Good Wines at Trader Joe's: Cheerful Summer Wine Picks

I realized that it is quite a while since I did a Trader Joe's wine tasting. So on Monday I headed off to the Trader Joe's Wine Store in New York City to see what I could find at less than $10 a bottle for easy summer sipping. Well, some gems and some disappointments — read on to see which I liked, and which I didn't enjoy as much.

As you all know Trader Joe’s is the name synonymous with ‘Two Buck Chuck’. Trader Joe’s also carries a fairly broad range of Californian and International wines that for the most part are keenly priced. With my limit of $10 per bottle I roamed the aisles to see what I could find.

It was a Monday morning, so the store was quiet.
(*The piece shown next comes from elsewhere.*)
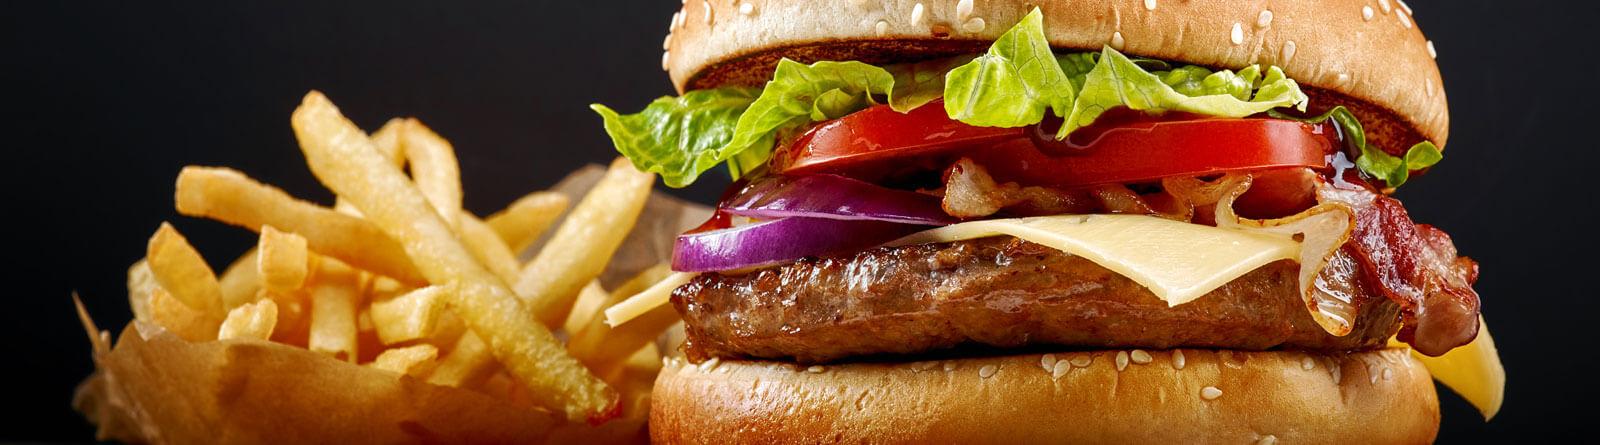 Burger-oskars-amberg

Sales assistants busied themselves positioning and arranging wines on shelves for the day.

On entering the store I noticed that a particular brand was heavily merchandized up front for $5.99 / bottle. It came in "rouge" (red), "blanc" (white) and rosé options. That gave me the idea of buying a red and white from a few different producers to see how they fared, rather than a hodge-podge of different wines. Though I passed several shelves laden with Trader Joe's own label wines for $3.99 I decided to give them a miss, as they seemed too easy an option.

Perusing the aisles, I finally selected two additional producer pairs as well as the trio mentioned above. The trio of red, white and rose was French and called La Ferme Julien, and the two pairs (red and white) were Australian. One pair was from from Western Australia (Madfish) and one from McLaren Vale (d'Arenberg).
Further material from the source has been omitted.